The home had to be demolished. The city of Greenwood Village offered to help with temporary living expenses while the home was rebuilt but refused to provide any other compensation.

Lech and his parents, the homeowners, were the lawsuit plaintiffs in the suit against Greenwood Village and several of its officers. They alleged violation of their constitutional rights stemming from destruction of the home and refusal to compensate them.

The Lechs argued that the takings clause should apply because it was designed to bar government from forcing some people alone to bear public burdens that in fairness should be borne by government.

They also argued that precedent distinguishing the power of eminent domain and police power should not apply to cases of innocent owners whose property is destroyed. The appeals court rejected the arguments.
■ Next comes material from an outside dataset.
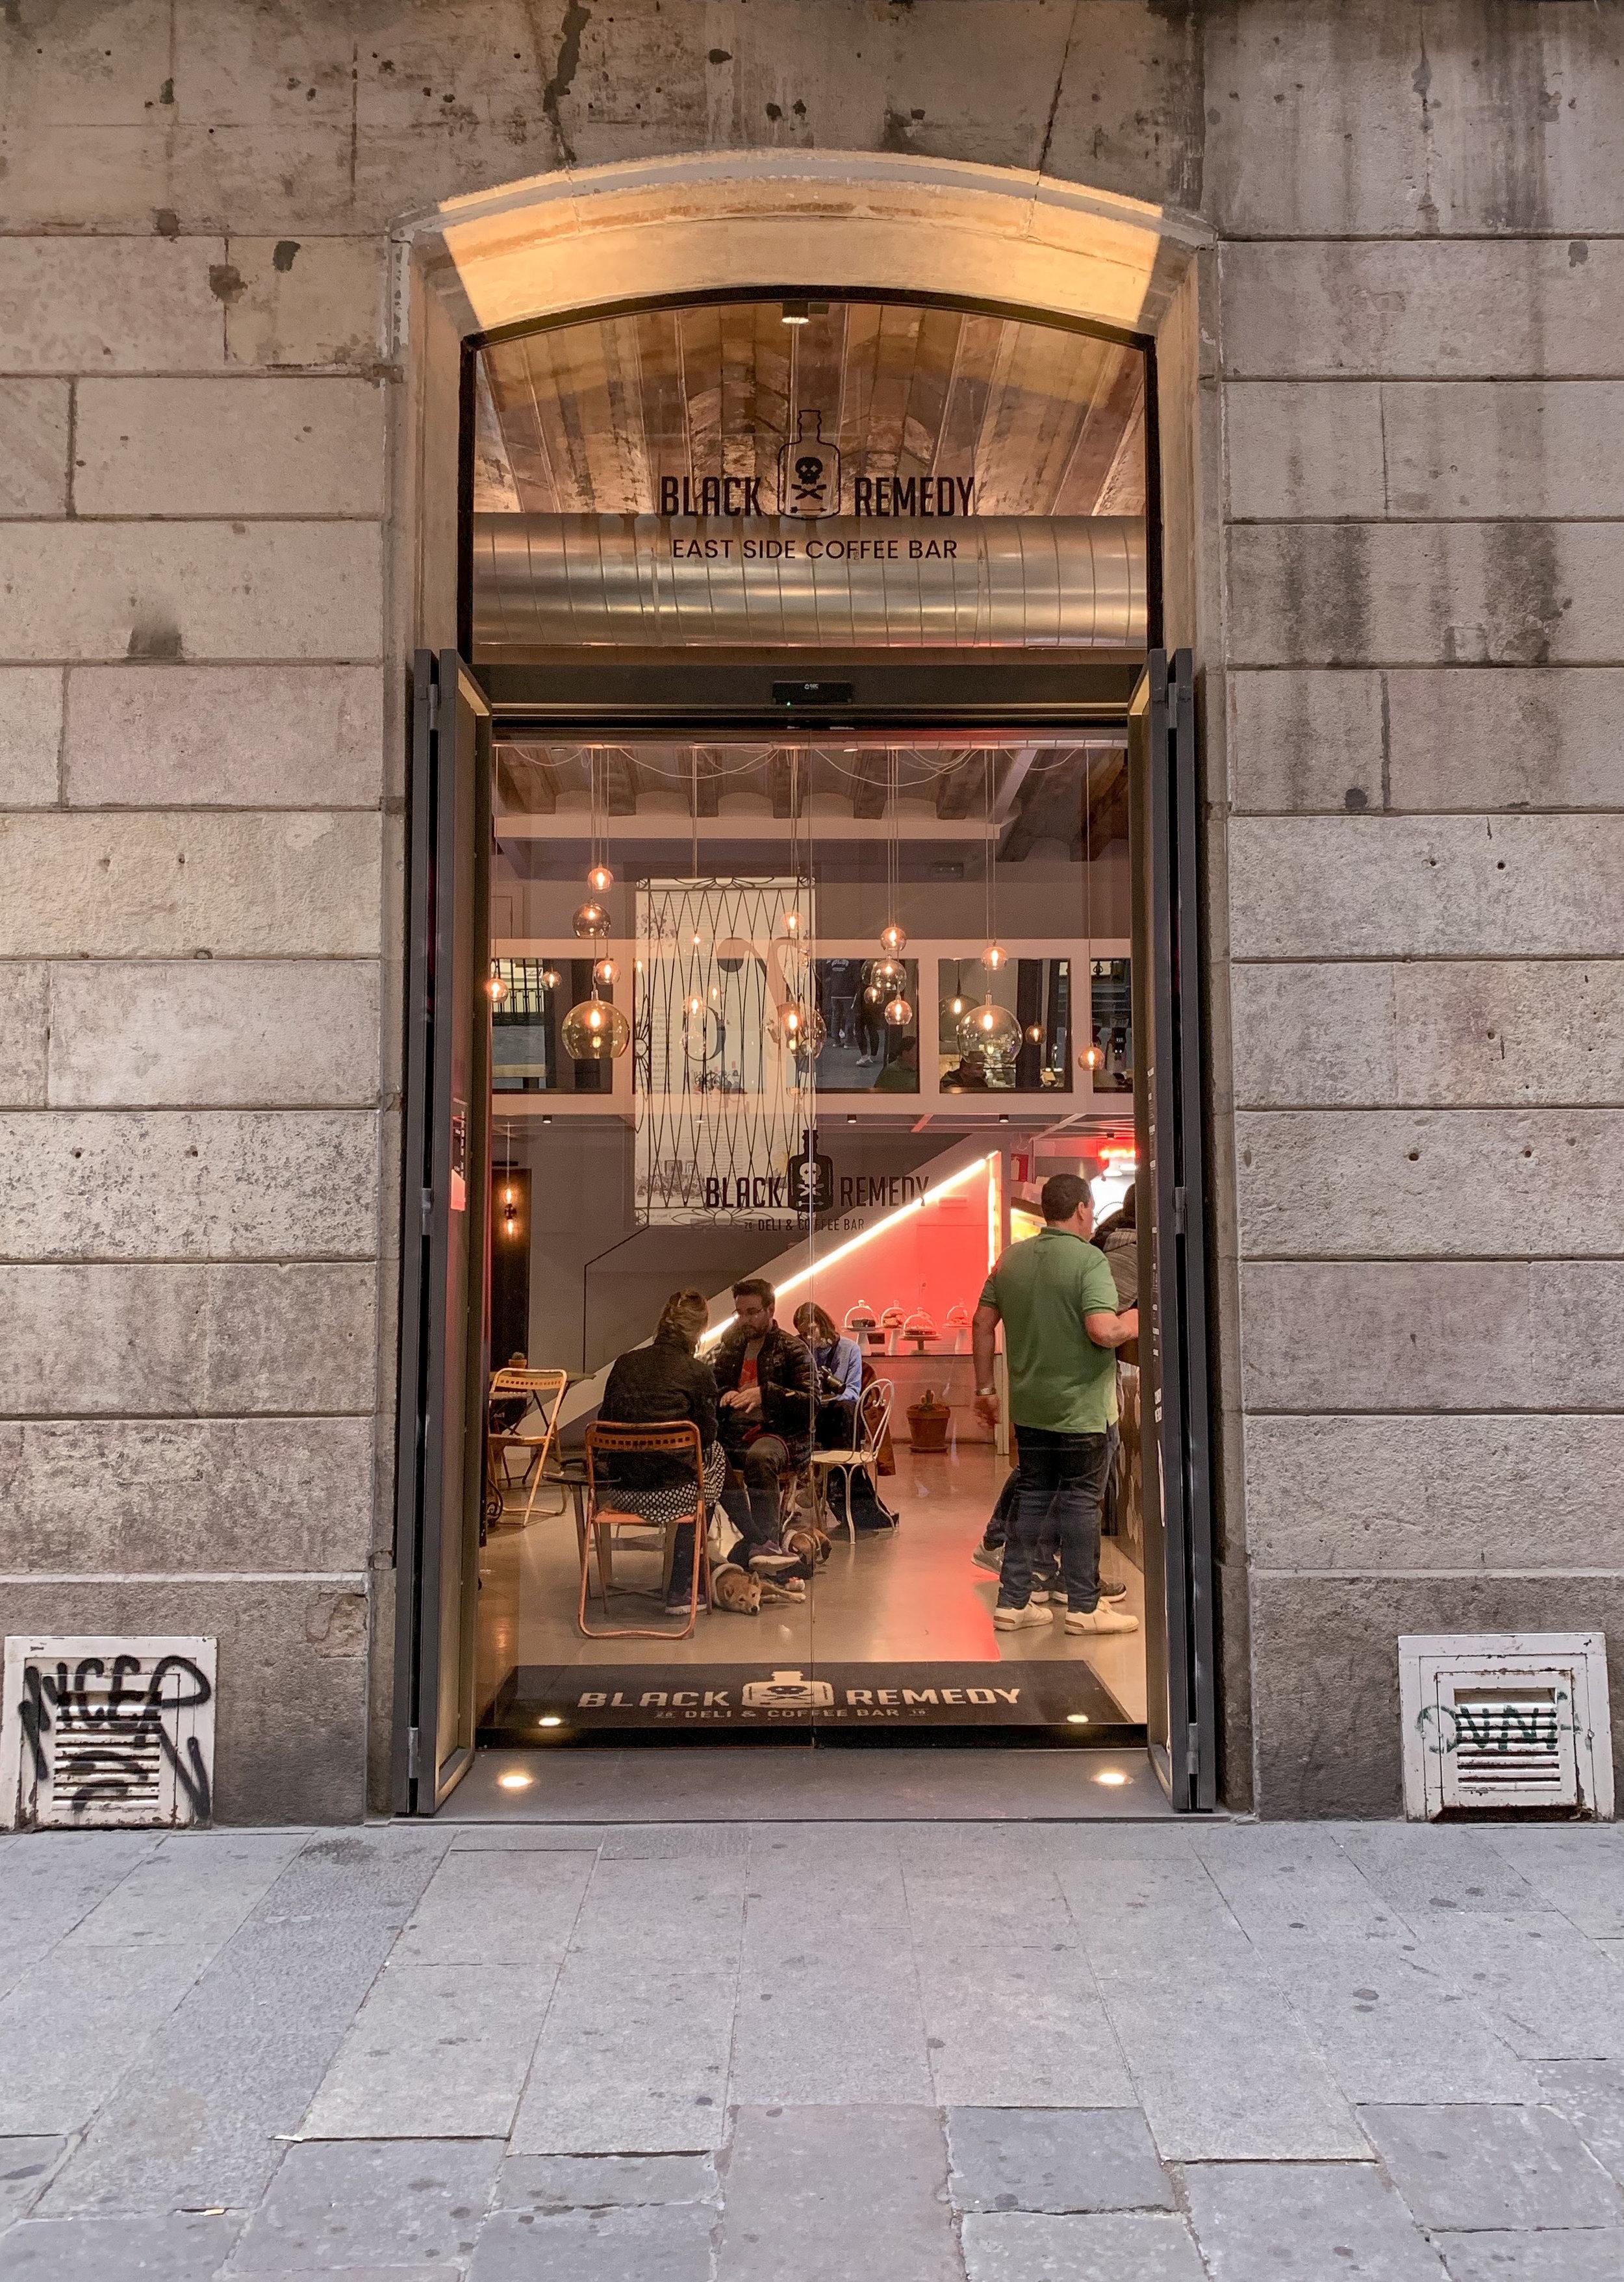 caffeine fix in Barcelona

The court said the innocent owner argument “is not without support,” but it was joining the U.S. Court of Appeals for the Federal Circuit in holding that there was no taking.

Lech’s father, Leo Lech, told the Washington Post he may ask the Supreme Court to hear the case.

“It just goes to show that they can blow up your house, throw you out on the streets and say, ‘See you later. Deal with it,’ ” he told the Post. “What happened to us should never happen in this country, ever.”

Lech said it cost nearly $400,000 to rebuild the home and, “This has ruined our lives.”